Let us consider a circular coil of radius $R$ carrying a current $I$, in the y-z plane. We consider a point P at a distance $x$ from the centre of the coil along the x-axis.

The magnetic field at the point P due to an infinitesimally small element of length $dl$ is given by
$d\vec B = \dfrac{{{\mu _0}}}{{4\pi }}\dfrac{{Id\vec l \times \overset{\lower0.5em\hbox{$\smash{\scriptscriptstyle\frown}$}}{r} }}{{{r^2}}}$..............(1)
Since the plane of the coil is along the Y-Z plane, so $d\vec l$ is perpendicular to $\overset{\lower0.5em\hbox{$\smash{\scriptscriptstyle\frown}$}}{r} $ so that we have $\left| {d\vec l \times \overset{\lower0.5em\hbox{$\smash{\scriptscriptstyle\frown}$}}{r} } \right| = dl$
Putting this in (1) we get
$dB = \dfrac{{{\mu _0}}}{{4\pi }}\dfrac{{Idl}}{{{r^2}}}$........................(2)
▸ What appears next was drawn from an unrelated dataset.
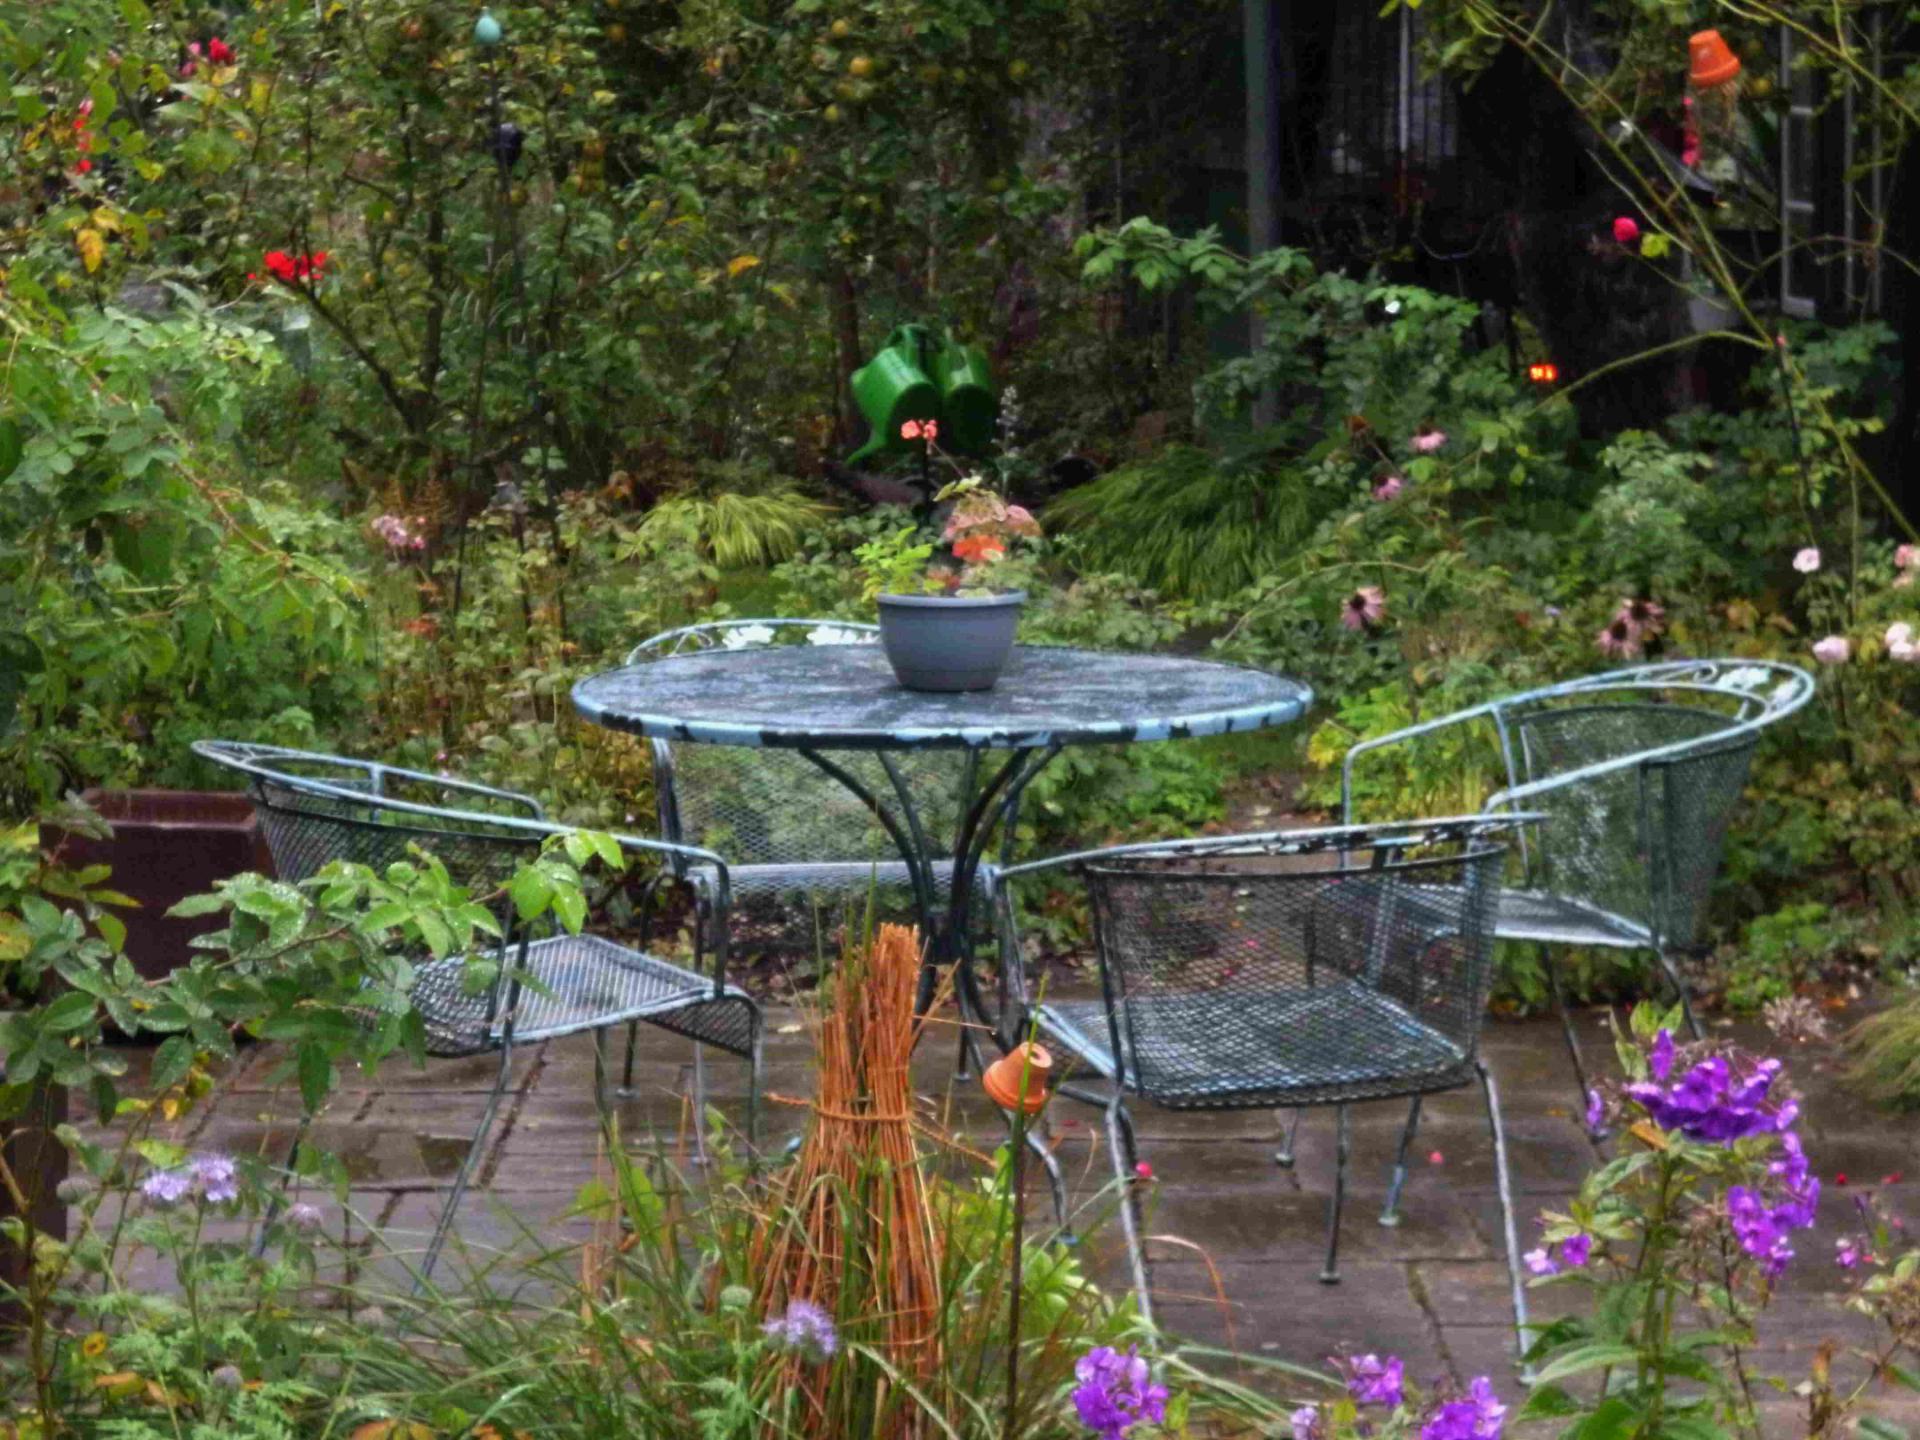 Offene Gartenpfporte 26-09-2020 Bild 11

In the triangle OAP applying the Pythagoras theorem we have
$A{P^2} = O{A^2} + O{P^2}$
$ \Rightarrow {r^2} = {R^2} + {x^2}$.......................................(3)
Putting (3) in (2) we have
$dB = \dfrac{{{\mu _0}}}{{4\pi }}\dfrac{{Idl}}{{\left( {{R^2} + {x^2}} \right)}}$......................(4)
The direction of $d\vec B$ is as shown in the above figure. Now, we have considered the horizontal and the vertical components of $d\vec B$ in the above figure. The vertical components of all such elements will get cancelled with each other. But the horizontal components will get added. The horizontal component is given by
$d{B_H} = dB\cos {\theta}$
From (4)
$d{B_H} = \dfrac{{{\mu _0}}}{{4\pi }}\dfrac{{Idl}}{{\left( {{R^2} + {x^2}} \right)}}\cos {\theta}$ ………………...(5)
From the above figure, we have
$\cos {\theta} = \dfrac{R}{{{{\left( {{x^2} + {R^2}} \right)}^{1/2}}}}$
Putting this in (5) we have
$d{B_H} = \dfrac{{{\mu _0}}}{{4\pi }}\dfrac{{Idl}}{{\left( {{R^2} + {x^2}} \right)}}\dfrac{R}{{{{\left( {{x^2} + {R^2}} \right)}^{1/2}}}}$
$ \Rightarrow d{B_H} = \dfrac{{{\mu _0}}}{{4\pi }}\dfrac{{RI}}{{{{\left( {{x^2} + {R^2}} \right)}^{3/2}}}}dl$
Integrating both sides, we have
$\int_0^B {d{B_H}} = \dfrac{{{\mu _0}}}{{4\pi }}\dfrac{{RI}}{{{{\left( {{x^2} + {R^2}} \right)}^{3/2}}}}\int_0^{2\pi R} {dl} $
$ \Rightarrow B = \dfrac{{{\mu _0}}}{{4\pi }}\dfrac{{RI}}{{{{\left( {{x^2} + {R^2}} \right)}^{3/2}}}}2\pi R$
On simplifying, we finally get
$B = \dfrac{{{\mu _0}I{R^2}}}{{2{{\left( {{x^2} + {R^2}} \right)}^{3/2}}}}$
Hence, this is the required expression for the magnetic field due to a circular coil carrying current at a point along its axis.

Note: Do not forget to take the components of the magnetic field before integrating. This is because the magnetic field is a vector quantity, and hence we have to add it vectorially.